The number of Covid-19 cases in the Middle East and North Africa (Mena) region reached 19,140,378 on 8 March, according to Worldometers data collated by MEED.
Countries in the GCC account for 19 per cent (3,527,519) of all regional cases, while Iran’s 7,096,318 infections make up 37 per cent of the regional tally.
Since 1 March, 118,031 new cases have been reported in the 17 Mena countries tracked by MEED. The number is 51 per cent lower than the 241,518 new cases added in the week to 1 March.
The biggest change in total case numbers was reported in Bahrain, with growth of 2.7 per cent from last week’s 514,883 to 528,834 on 8 March.
In Egypt, a 1.68 per cent change was reported, with total case numbers reaching 491,892 on 8 March from 483,771 on 1 March.
Lebanon recorded 1 per cent growth with total cases at 1,079,375 as of 8 March. Syria and Oman recorded overall case growth of 0.93 per cent (55,085 cases) and 0.86 per cent (385,513 cases), respectively.
Saudi Arabia has lifted Covid-19 mandates and flight restrictions, citing progress made in the national vaccination programme and high immunity rates. PCR and rapid antigen tests are no longer required from passengers arriving in the kingdom, and quarantine on arrival requirements have also been lifted. Passengers on visit visas must have travel insurance to cover the cost of treatment should they catch Covid-19 during their stay.
Pilgrims are no longer required to book prayer slots for the two holy mosques, but those who want to perform Umrah or pray in the Rawdah must book appointments through the Eatmarna or Tawakkalna apps. The latter app is still required to enter offices, some public and private buildings, airports and public transport vehicles.
Recently updated rules for people entering the country by air also apply to arrivals via the country’s land borders. New rules remove the requirement for PCR tests for fully vaccinated travellers, with only a vaccine certificate necessary on arrival. The national committee to combat Covid-19 advised travellers arriving at land ports to undergo a PCR test within 24 hours of arriving in the UAE, specifically for individuals who plan to stay for over 72 hours.
Bahrain has granted emergency approval to the French Valneva’s Covid-19 vaccine, with the first shipments of the jab expected to reach the country at the end of March. Manama signed a deal to purchase 1 million doses of the vaccine in December. Valneva’s VLA2001 vaccine is understood to be the only whole-virus, inactivated, adjuvanted Covid-19 vaccine in clinical development in Europe.

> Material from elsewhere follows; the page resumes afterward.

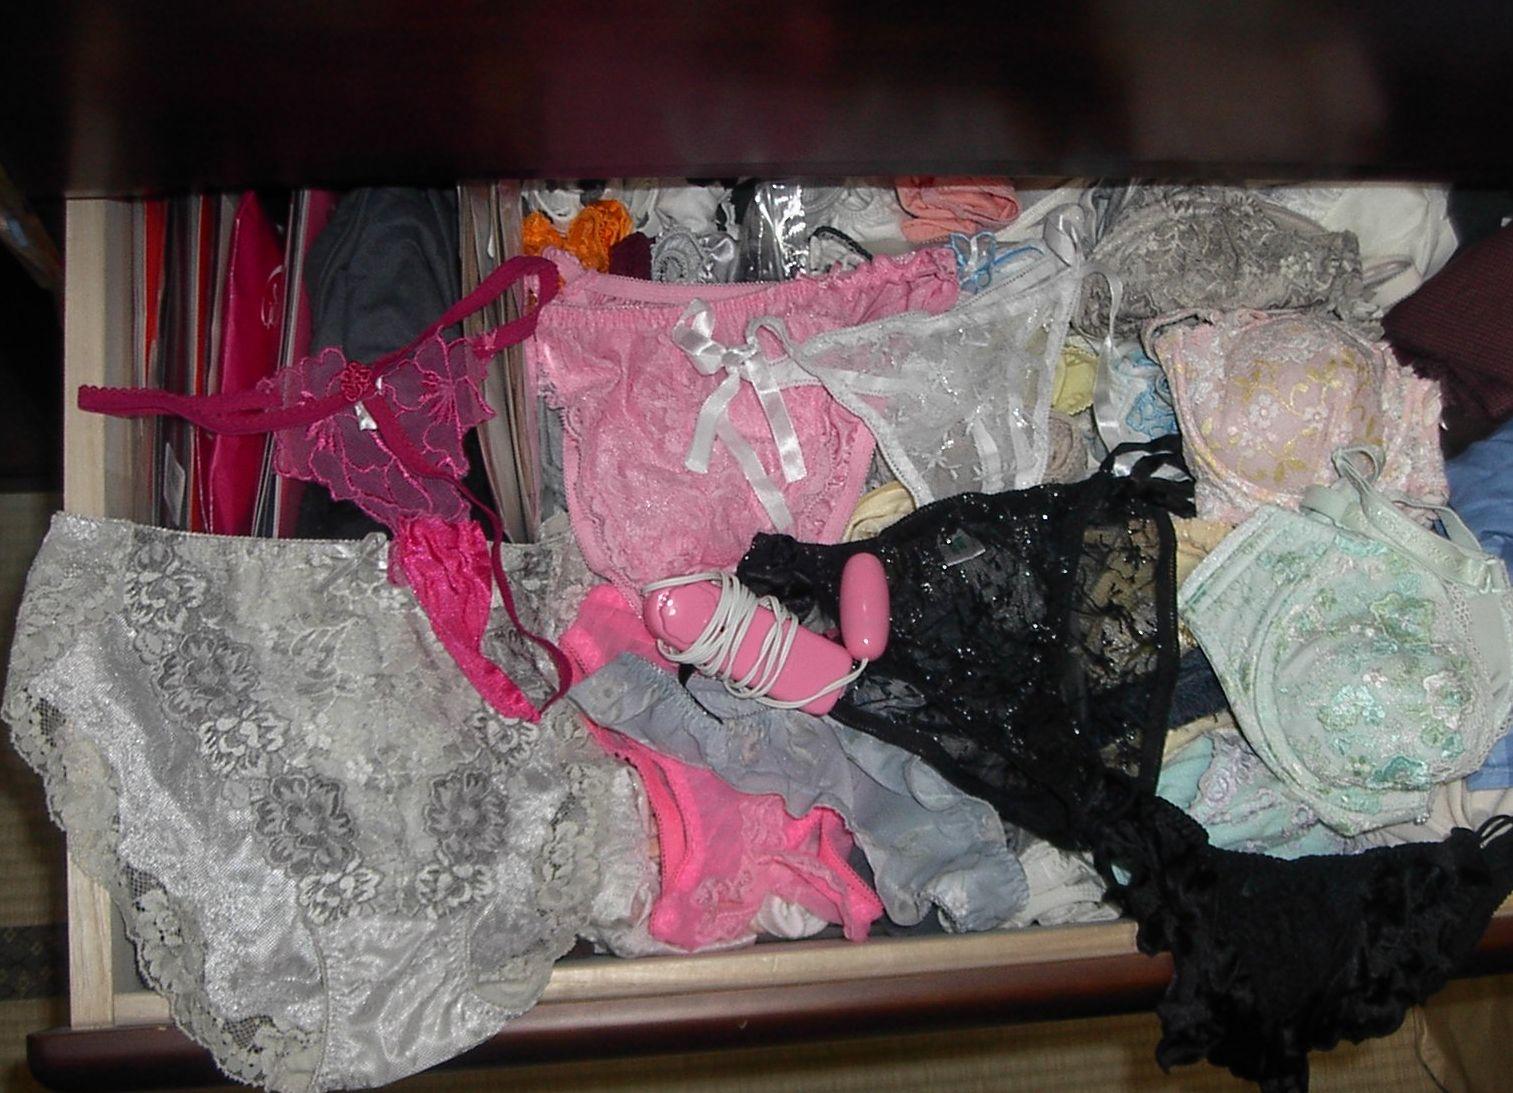 タンスの中の姉の下着とバイブ盗撮エロ画像流出7枚目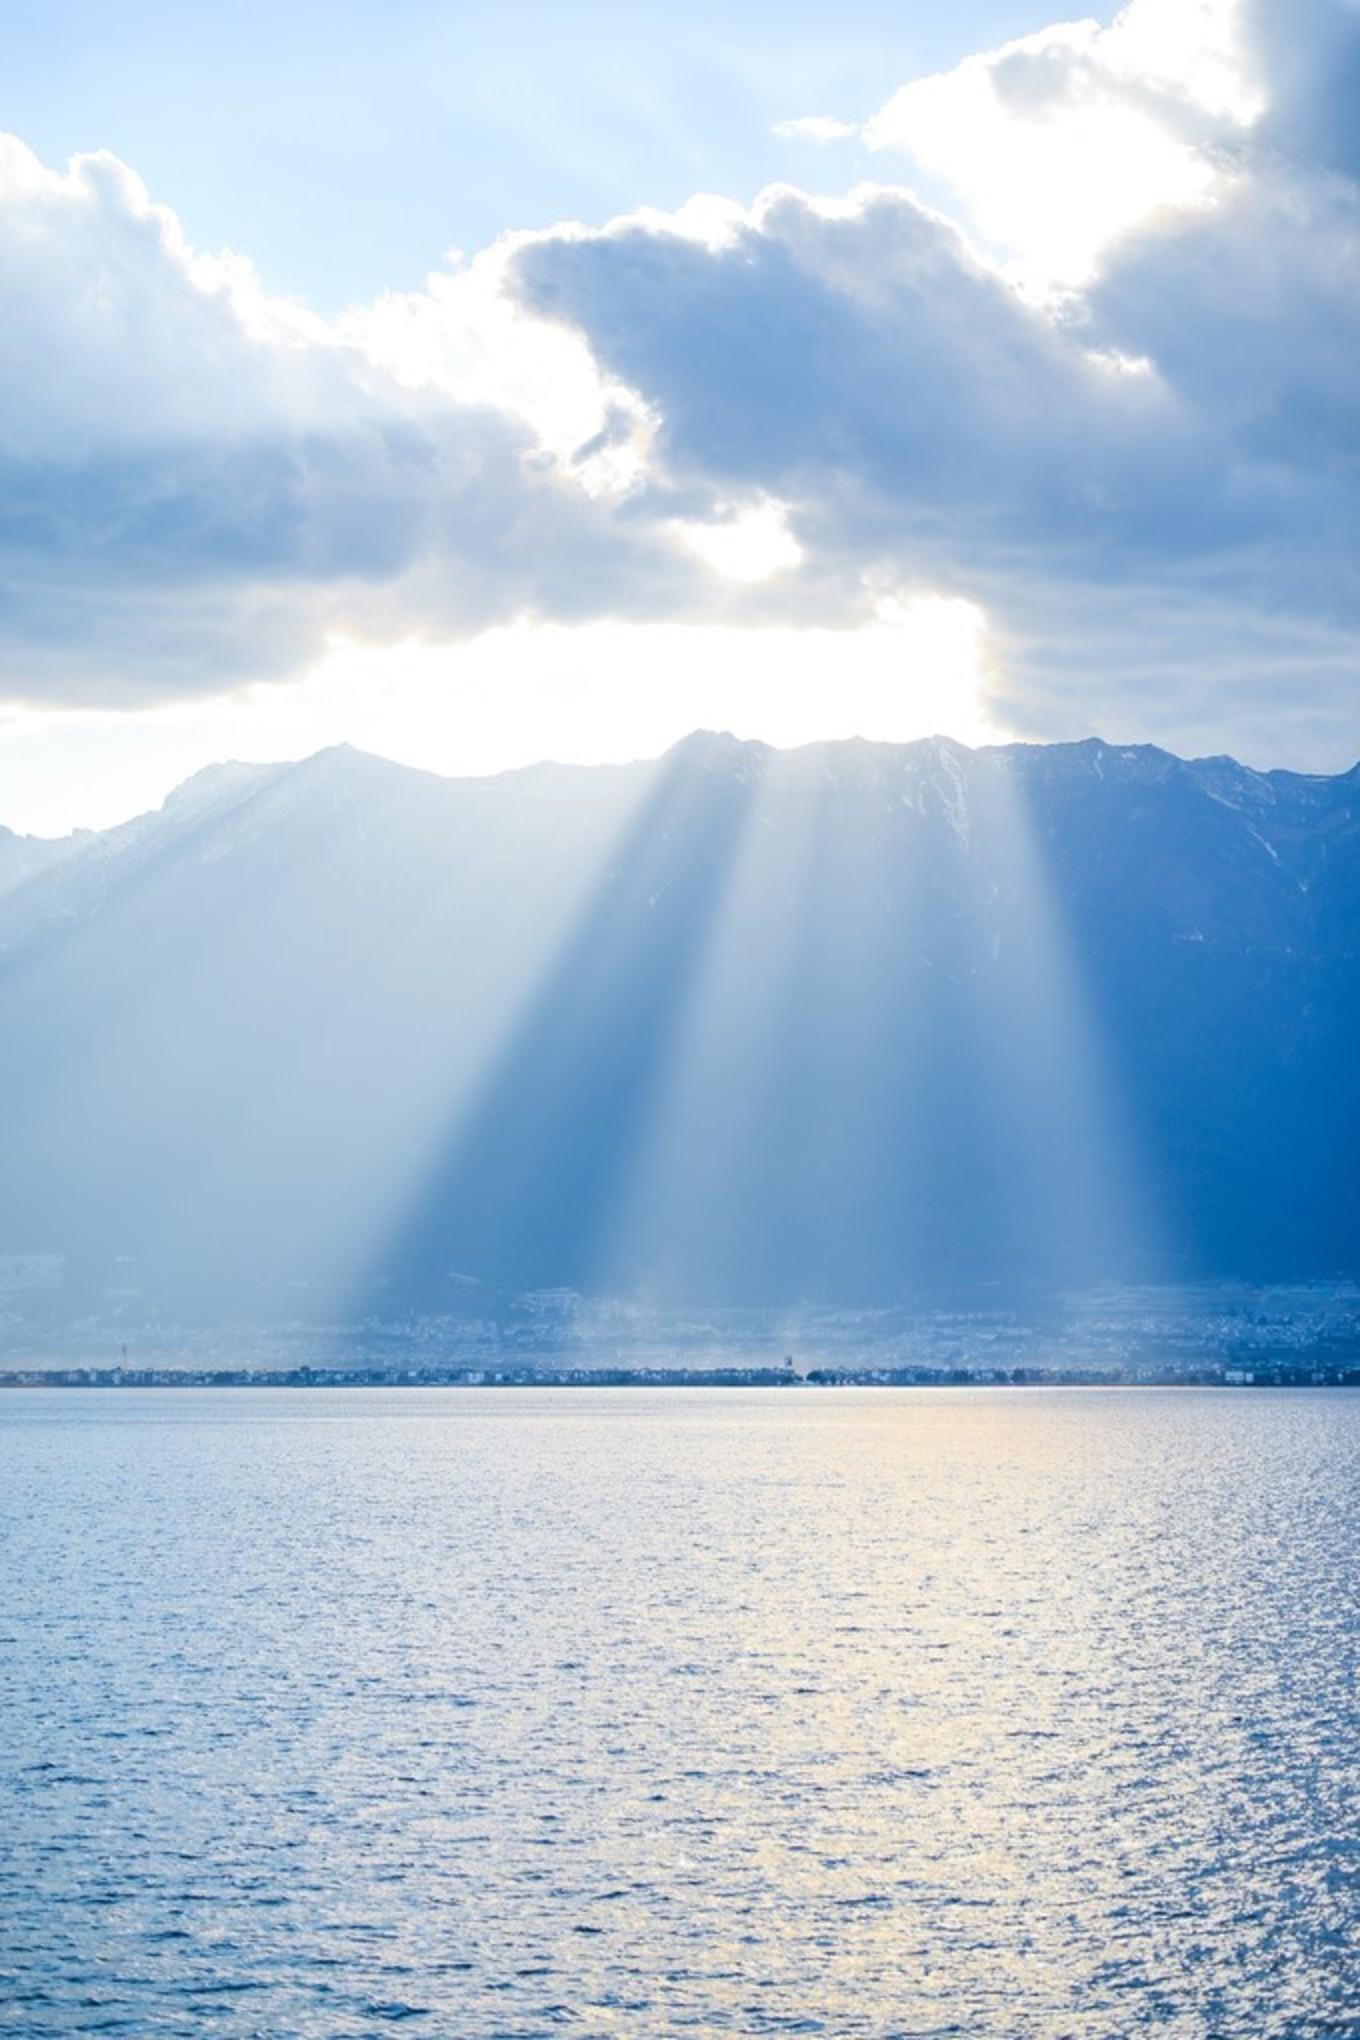 泸沽湖 ☆ 行舟绿水前,遥遥一水间

Coviran Plus, Iran's vaccine that is developing against the Omicron strain, has entered the human trials phase with 210 volunteers. Minoo Mohraz, a member of Iran’s National Scientific Committee of Covid-19, said the study’s results will be provided to the health ministry in two weeks. The original Coviran Barekat vaccine was launched in December 2020 and licensed for public use in June. More than 60 million doses of Coviran have been produced so far.
The Noora vaccine developed and produced by Iran’s Baqiyatallah University of Medical Sciences has also received an emergency use licence. It is the sixth locally developed Covid-19 vaccine to obtain such permits.
Clinical trials of Egypt’s locally developed Egyvax Covid-19 vaccine are due to begin. The country has also announced new regulations for vaccinations, with second doses available at all centres. Booster doses can also be taken at any vaccine centre unless the individual has been specifically instructed to visit a particular location via SMS. Boosters are available three and six months after the second dose has been administered to individuals aged over and under 65 years, respectively.
The government in Iraq will start easing Covid restrictions for travellers departing from and arriving in the country. New measures due to take effect on 1 April will remove the mandate for a PCR test for vaccinated passengers, with only a Covid-19 vaccine certificate required instead. Individuals who cannot take a vaccine due to health reasons must present a health ministry-certified medical report and a negative PCR test to travel.
Director general of Pasteur Institute of Algeria, Fawzi Derrar, has said individuals must continue to receive vaccination despite improvements in the local epidemiological situation.
“It is clear that [the situation is improving] given the weakening of the virus, but we must continue to be vaccinated to avoid serious scenarios for the next cold seasons,” Derrar said.
“We are seeing an adaptation in the strains of the virus, which suggests that we will probably have a seasonal virus, and as such the unvaccinated subjects are likely to pay a heavy price in the event that there is a new wave caused by a new variant.”